国税庁は、給与支払報告書と源泉徴収票の電子的提出の一元化について、情報を公表しました。来年(平成29年)1月からの実務が微妙に変わりそうです。
説明のポイント
- 給与データの電子申告が、eLTAXの送信に一元化
- 源泉徴収票データのe-tax送信は不要になる
- 報酬や不動産の使用料等の支払調書がある場合、「追加」としてe-taxで送信
給与データの送信をeLTAXに一元化する話
現在の電子申告のしくみでは、1月における給与データの電子申告を、次のとおり対応しています。
- 必要のある「源泉徴収票」と、これに関する「給与所得の源泉徴収票等の法定調書合計表」のデータをe-taxで送信
- すべての「給与支払報告書」のデータをeLTAXで送信
この手続きを改善し、eLTAXに一本化し、一括作成・送信できる件が、国税庁より公表されました。
eLTAX公式サイトでも8月に既に告知されていましたが、国税庁がその詳細が明らかにしたものです。
参照:給与・公的年金等の支払報告書及び源泉徴収票のeLTAXでの一括作成・提出(電子的提出の一元化)について(国税庁、2016年10月28日)
どういう意味なのか?
税務署(e-tax)に提出する「源泉徴収票」の内容と、市区町村(eLTAX)に提出する「給与支払報告書」の内容は、もともとは同じものです。
しかし、e-taxとeLTAXの管轄の違いで、別々に電子申告することを求められていました。これらのデータの送信先を一元化して効率化を図る、という話です。
▲「給与・公的年金等の支払報告書及び源泉徴収票のeLTAXでの一括作成・提出(電子的提出の一元化)について」より引用
どんな影響が生じるか?
(1)特に何かを新しく準備する必要はない
これまで、eLTAX対応ソフトを使って給与支払報告書を送信している場合は、税務ソフトウェアのアップデートで自動的に対応すると見込まれます。特に新しく何かを準備する必要はなさそうです。
参考:eLTAX対応ソフトウェア一覧(eLTAX)
(2)源泉徴収票データのe-tax送信が不要になる
源泉徴収票は、給与支払報告書と一元化して送信されるため、個別にe-taxでデータを送信する必要がなくなります。
なお、この取り扱いが始まるのは、平成28年分以降のものについてです。
また、1月31日を提出期限とする「給与所得の源泉徴収票等の法定調書合計表」も、同時に提出できます。提出されたかどうかは、e-taxのメッセージボックスで確認します。
参考:[手続名]給与所得の源泉徴収票(同合計表)(国税庁)
(3)報酬や不動産の使用料等の支払調書は、「追加」扱いで送信
給与以外に、報酬や不動産の使用料を払っており、支払調書を提出する場合はどう対応すればいいのでしょうか。

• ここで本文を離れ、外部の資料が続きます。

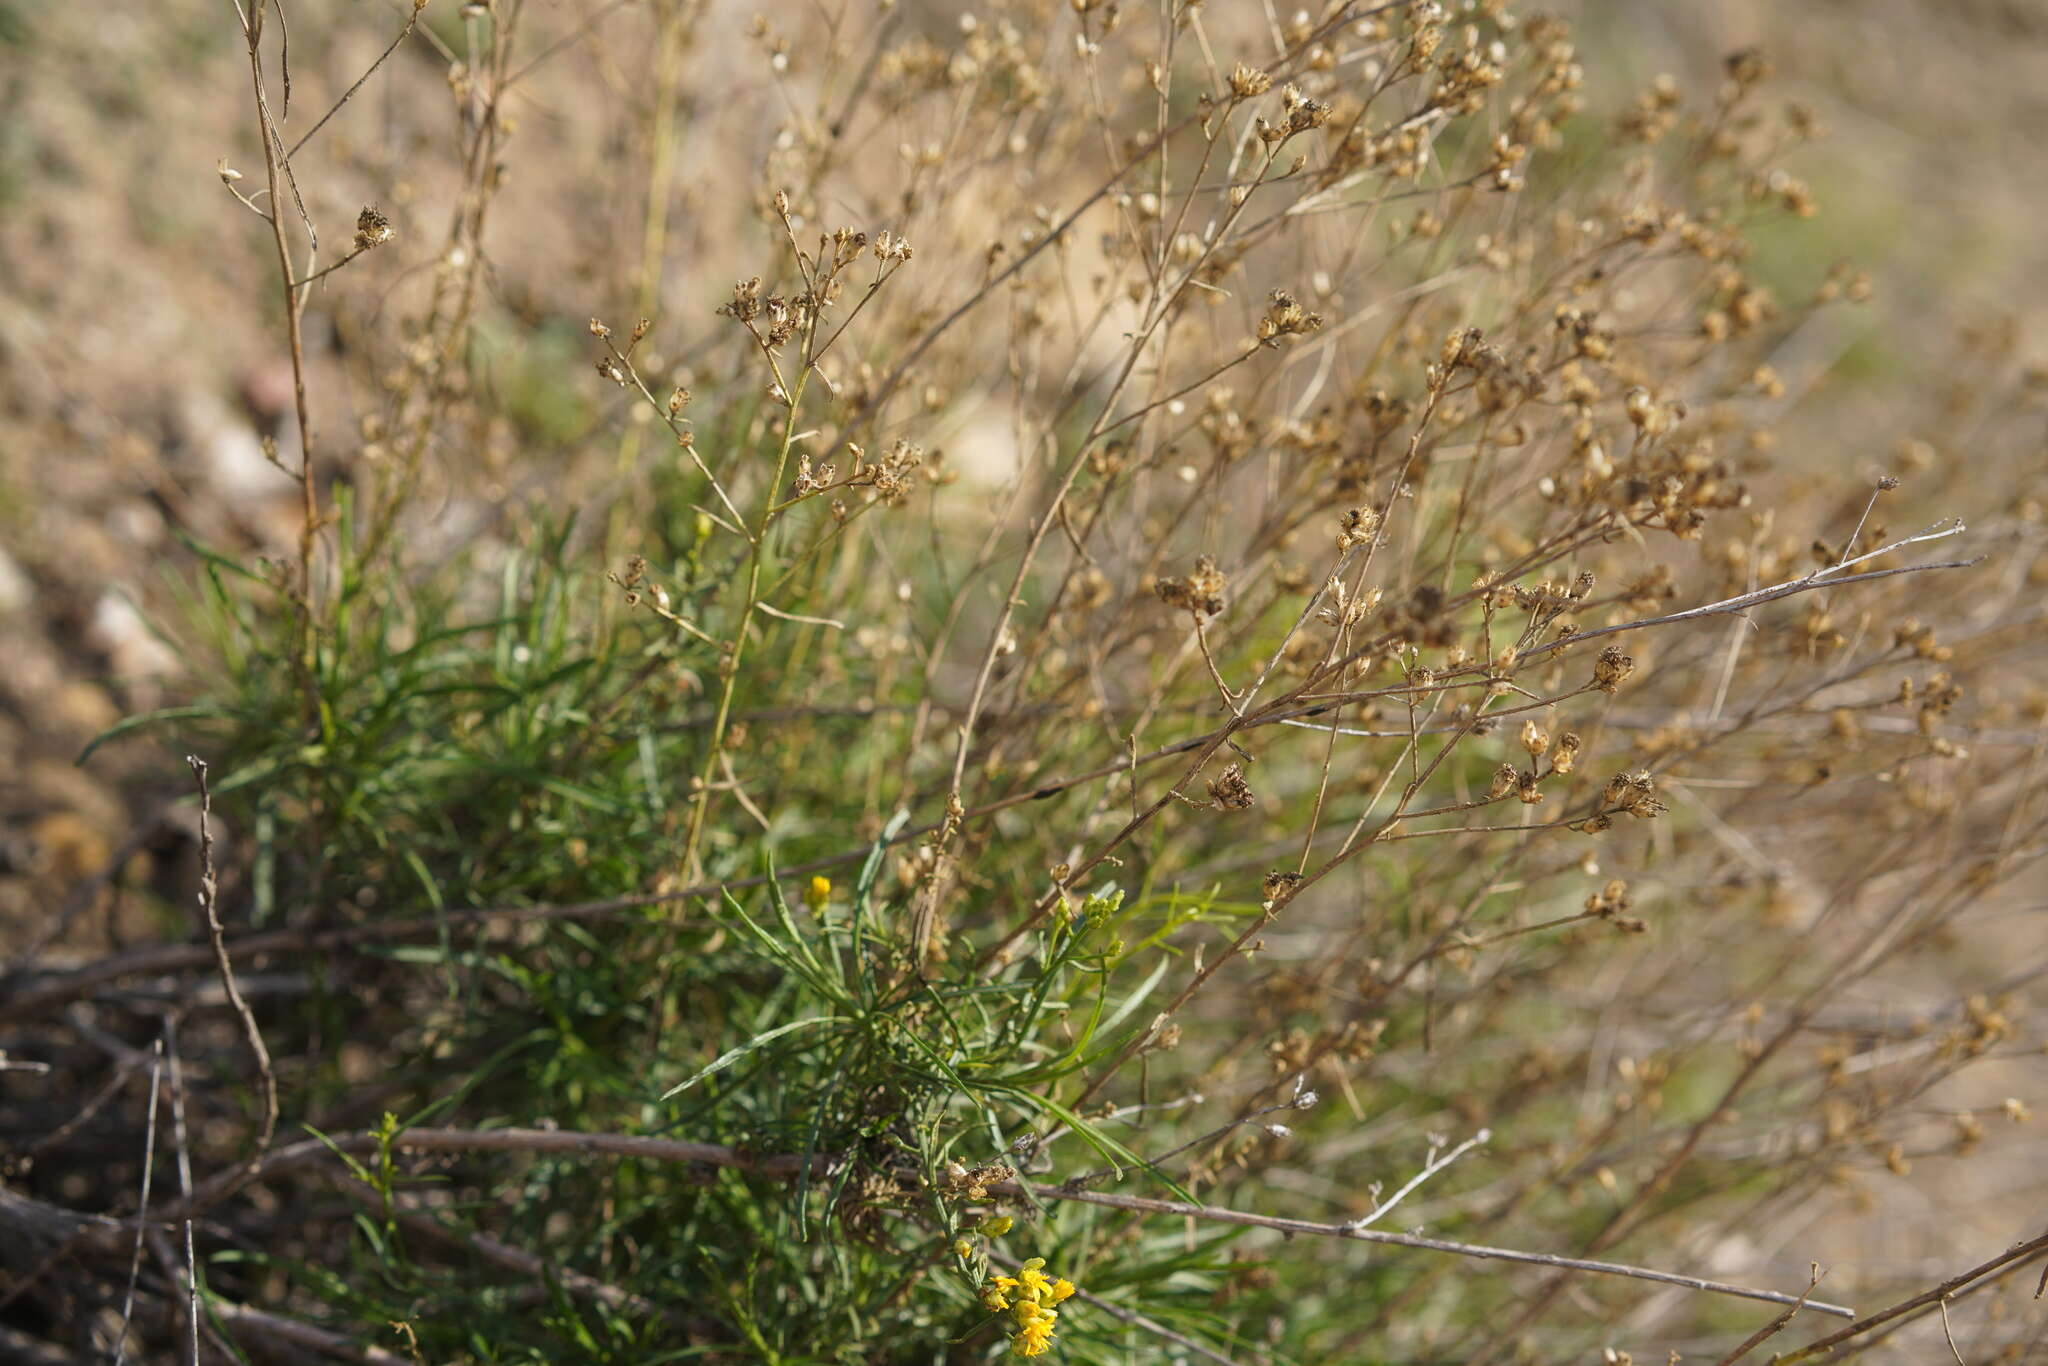 Image of San Joaquin snakeweed

国税庁から「電子的提出の一元化に関するQ&A」が公表されています。このQ5によれば、次のように書かれています。
Q5 電子的提出の一元化により提出する給与所得の源泉徴収票以外にも法定調書を作成する場合、どのようにして「給与所得の源泉徴収票等の法定調書合計表」を提出すればよいですか。
(答)
給与所得の源泉徴収票以外の法定調書を提出する場合については、e-Taxや書面等、従来と同様の方法により給与所得の源泉徴収票以外の内容を記載した「給与所得の源泉徴収票等の法定調書合計表」と併せて提出してください。その際、例えば、電子的提出の一元化により給与所得の源泉徴収票を先に提出した場合には、電子的提出の一元化による「給与所得の源泉徴収票等の法定調書合計表」は「新規」、給与所得の源泉徴収票以外の内容を記載した「給与所得の源泉徴収票等の法定調書合計表」は「追加」として提出してください。
つまり、報酬や不動産の使用料等の支払調書と、それらの内容をまとめた法定調書合計表は「追加」で提出して対応します。このあたり、実務が微妙に変わりそうです。
▲法定調書合計表の「調書の提出区分」を「追加」にする。
まとめ
給与支払報告書と源泉徴収票のデータ送信を、来年(平成29年)1月からeLTAXに一元化する話をお伝えしました。
この件は、電子申告をeLTAXで実施できる環境がある場合の話です。
- 電子申告ではなく、紙や光ディスクで税務署や市区町村に提出している
- e-taxは利用しているが、eLTAXは利用していない
などの場合は、今回の一元化は適用できません。